Sunday, November 7, 2010

What I have (and what I do not)


I wanted to write this on Friday, but I was too tired and my brain was not willing to do anything but sit around and watch bad, but amusing Japanese dramas with Shuji.

I had planned to write a "Friday I'm in Love" kind of post even though I would be copy-catting little sis, but feel justified about copying because I like looking at the things that she is "in love" with and by the time this Friday had rolled around I was incapable of original thought.

It didn't happen, so this post is going to be a skewed version of a Friday I'm in love...

OK-- the title says What I have (and what I do not) I feel like I shouldn't start with the "what I do not" have part because it will either make me sound like a whiner even though it will allow me to kvetch a bit. So I will start with a kind of "count your blessings" prologue to the Veruca Salt part.
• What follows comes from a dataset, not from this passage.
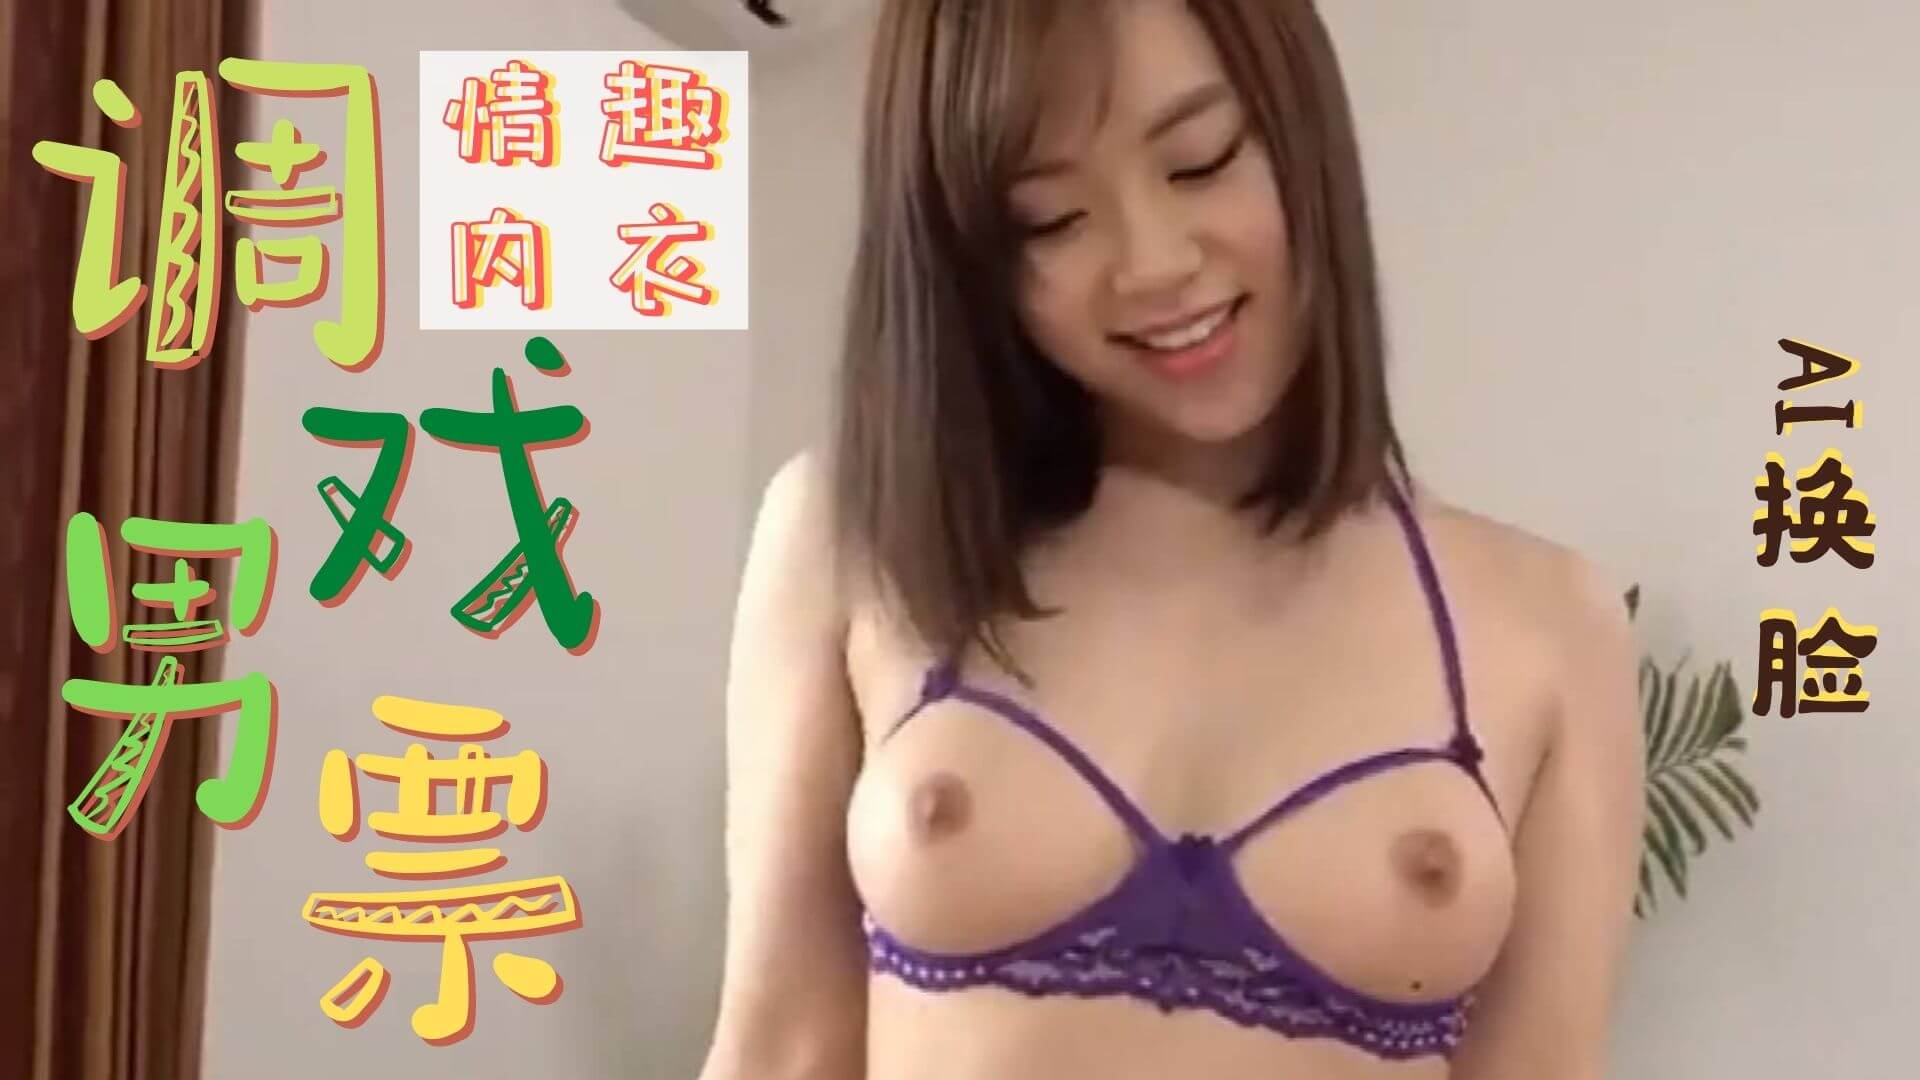 Al—孫彩瑛 调戏男票
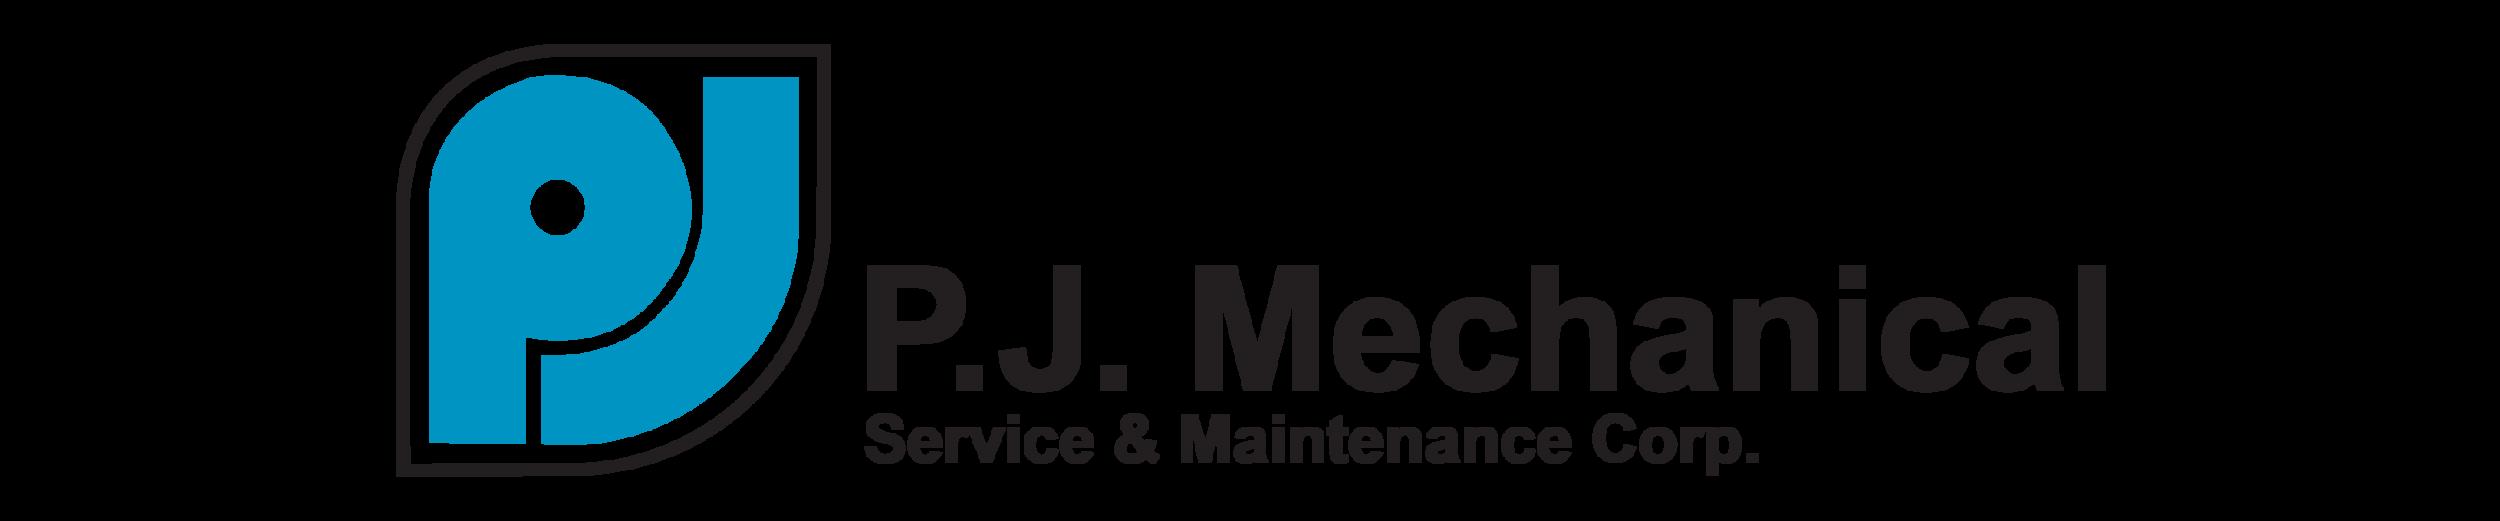 服务Logo_2.1.png

Before I go further I feel compelled to say--once again, (I know it is getting repetitive but...) I am so very, very grateful for having a flush toilet. 15 years of pit john really did scar me. Or maybe I am not scarred, maybe I am lucky because I will never, ever take that blue water going round and round the porcelain god (yep it IS a god!!) for granted. Forgive me for the broken record bits. Blame it on age or post-pit-traumatic disorder. Regardless of its origins, I AM grateful for my beautiful white throne.

So, what other "things" do I feel particularly happy about owning? Well, for one my slow cooker--this is a complete steal from little sis, but she is so right about how nice it is to smell it cooking all day and oooooh the joy of coming home from work or a from a long, long hike and having a whole meal ready. Another thing that I am happy about is our bath. It is not as gorgeous as this one but it is very big and Japanese and nice for soaking sore muscles. Once you have had a bath in Japan--providing that you are a "bath person", not a "shower person"--kind of like whether you are a cat or a dog person. If you are, you know it. Anyway, once you have gone the Japanese way, there is no going back. We have a continuous gas water heater, so we never, ever run out of hot water. Sweet.

There are more things in our house that bring a smile to my face, like my bread machine (boy does the general consumer here LOVE white bread...heavy sigh) and finally having an oven that will cook 24 cookies all at once! But if I go on and on about the joy my appliances bring, it will get boring and I will not feel the relief that a good whinge brings.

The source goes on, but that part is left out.